Everyone expected him to show up, not only because he was Clay’s big brother, but because they were well aware of his proclivities. But Tim wasn’t trawling for a submissive anymore. Submissives got attached, and he wasn’t really in the market for anything but a casual relationship. He wasn’t wary because his divorce had left him so wrung out—it hadn’t—but because he knew that in the end, a relationship just wasn’t going to work. He had too much baggage, and most nice Southern ladies’ idea of bedroom adventuring was sixty-nining with the lights on.

They didn’t want to play with men like Tim, and if they did, they sure as shit never admitted it.

He turned Carine swiftly by the shoulders and guided her toward the door before Heidi could decide that her favorite color that day was red.

“What’s wrong?” he asked Carine as they passed Frank and Hal. “Forgot to put gas in the tank before driving out here?”

“I think I know how to read a gas gauge.”

“That same gas gauge that stopped working three years ago?”

She stopped at the bottom step, and muttered, “Damn,” under her breath.

“What happened? Did it start working again for a little while?”
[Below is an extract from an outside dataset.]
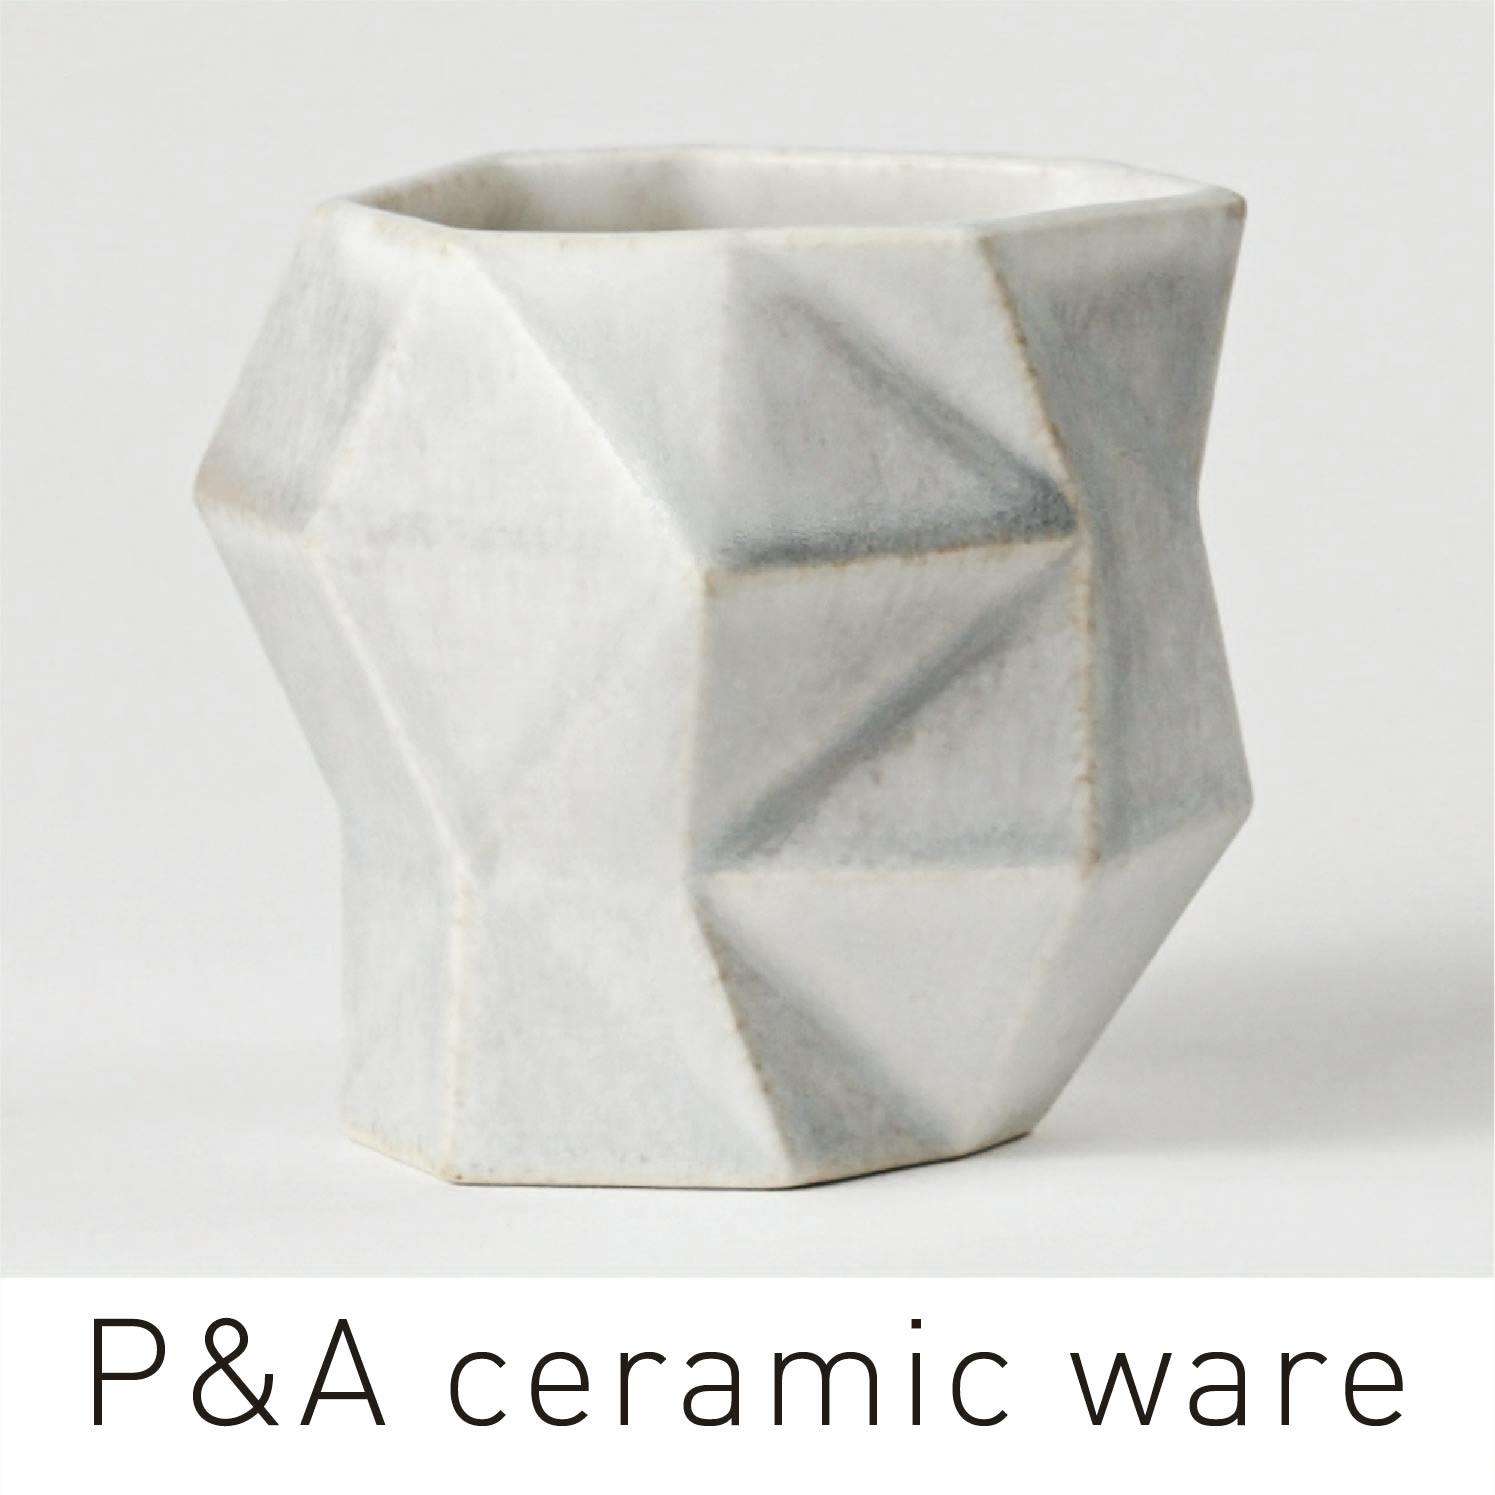 P&A ceramic ware

“Yep. Right before I was going to take it to the shop to get looked at. I had some extra cash after I sold the old Parker place.”

“Maybe putting gas in the tank is the first thing we ought to try, then. I’m pretty sure Clay keeps the gas can full for his riding mower.”
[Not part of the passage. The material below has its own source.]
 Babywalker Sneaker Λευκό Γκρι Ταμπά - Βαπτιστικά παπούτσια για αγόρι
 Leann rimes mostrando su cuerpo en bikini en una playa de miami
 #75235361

“I’ll go ask him. Here.” She dropped the keys into Tim’s palm and started up the stairs. “My friend’s roasting in the car. Go be hospitable or whatever. Maybe turn on the charm and see if she’ll stay for longer than five minutes.”
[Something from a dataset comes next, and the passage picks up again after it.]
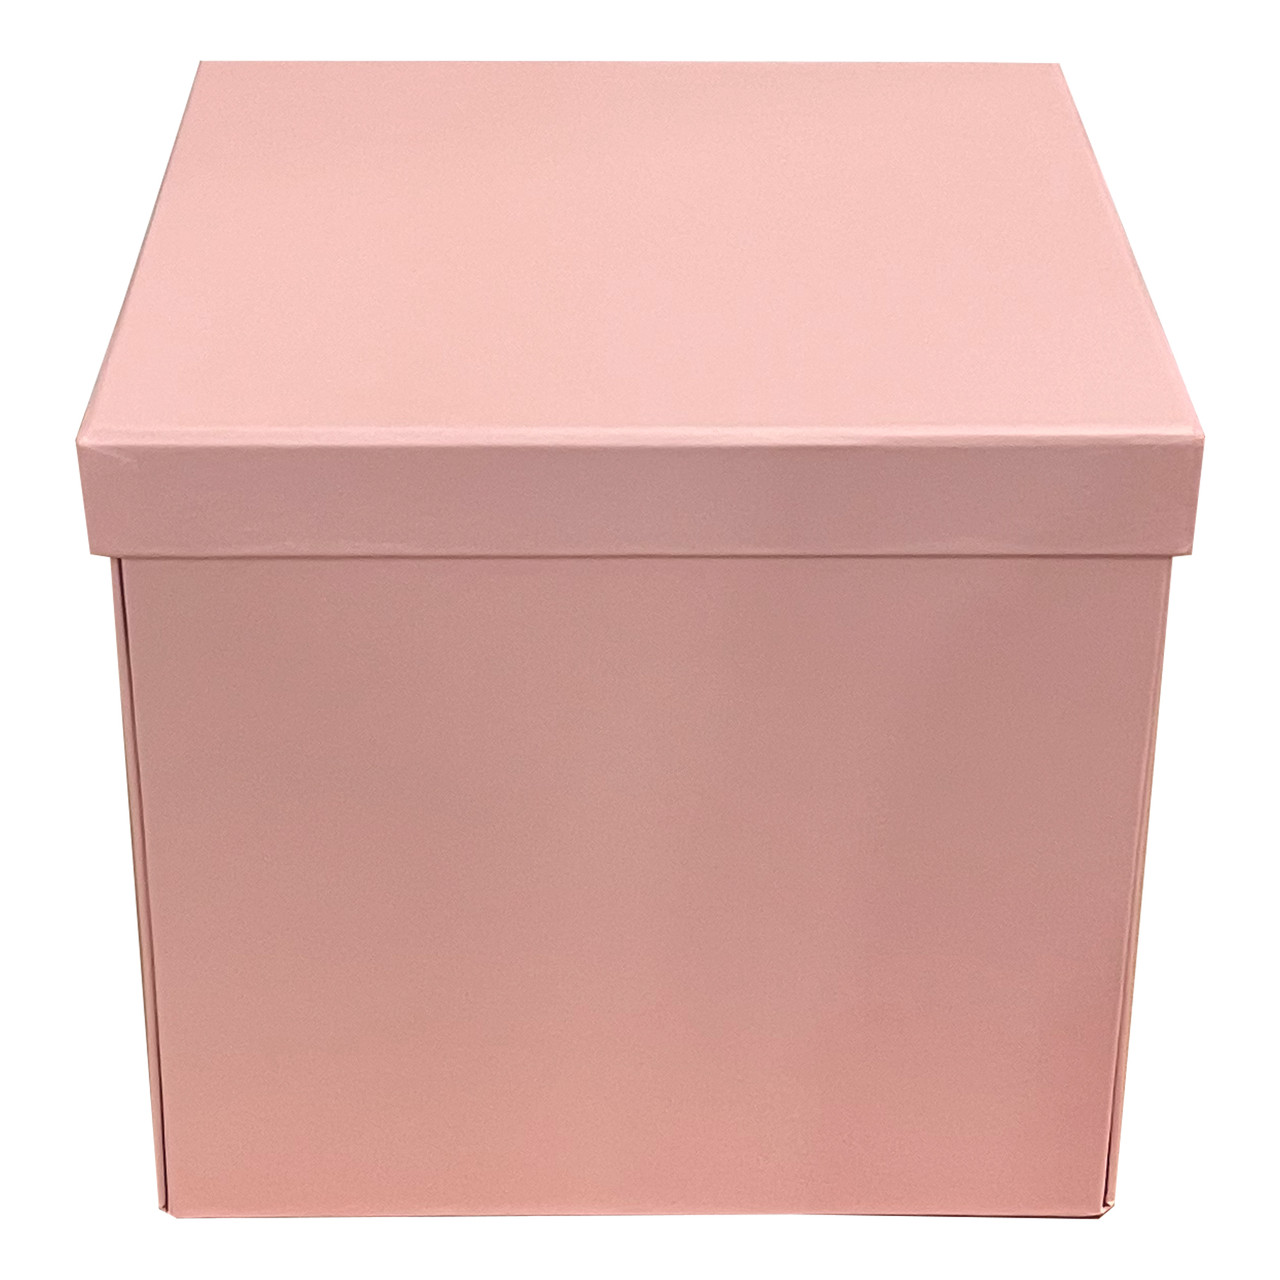 8.75 Square Double Level Surprise Box - Pink - LO Florist Supplies

Frank and Hal scoffed in chorus.

“Like y’all are doing so much better at it,” she said before snatching open the screen door. “Keep waiting around for someone to fall into your lap. Pleated khakis will come back into style before that happens.”

Tim gave his head a shake and struck out in search of the Miata. He’d been telling Carine to get rid of that car since right after she bought it, but she was attached to it the same way some kids were attached to their baby blankets.

He spotted the compact thing in the back row closest to the trees and squeezed his way between the tightly packed vehicles ahead of it. He recognized every one of them on sight. They belonged to folks ranging from casual deviants like him to honest-to-goodness pillars of the community who hoped and prayed their secrets never got out. Most folks in attendance at Clay’s events fell somewhere in the middle, but Tim was guessing this friend of Carine’s didn’t even make it onto the freak spectrum if she was having such a hard time getting out of the car.

She was staring down at her phone when he reached the driver’s door.

He knocked gently so as not to startle her, but she jumped anyway, sending the cell flying out of her hand. She clutched her chest and reached across the car to pull the handle…then she seemed to change her mind.

She narrowed dark-as-night eyes at him, pursed her lush, pink lips, and shook her head. She held up her index fingers, crossed them, and held the banishing sigil up to him.

Well, that’s just plain ridiculous.

“Oh, so it’s like that, huh, honey?” He drummed on the top of the car and pondered his lot in life. The one woman who’d shown up at one of Clay’s “Lowdown Dirty” events who’d ever made Tim stand up straight and take notice had just insinuated that he was a demon of some sort.

He stooped a bit and caught that dark gaze again. He wished she would hit the dome light so he could get a better look at her. There was too much shadow obscuring her features, but he liked what he could see. High cheekbones. Sandy skin. Thick curly hair that seemed to be giving its clip a real workout.

Probably around thirty.

It wasn’t his intention to size her up like a state fair sow, but hell. He was efficient at it. Being keenly observant wasn’t what made him a dominant, but it sure as hell didn’t hurt.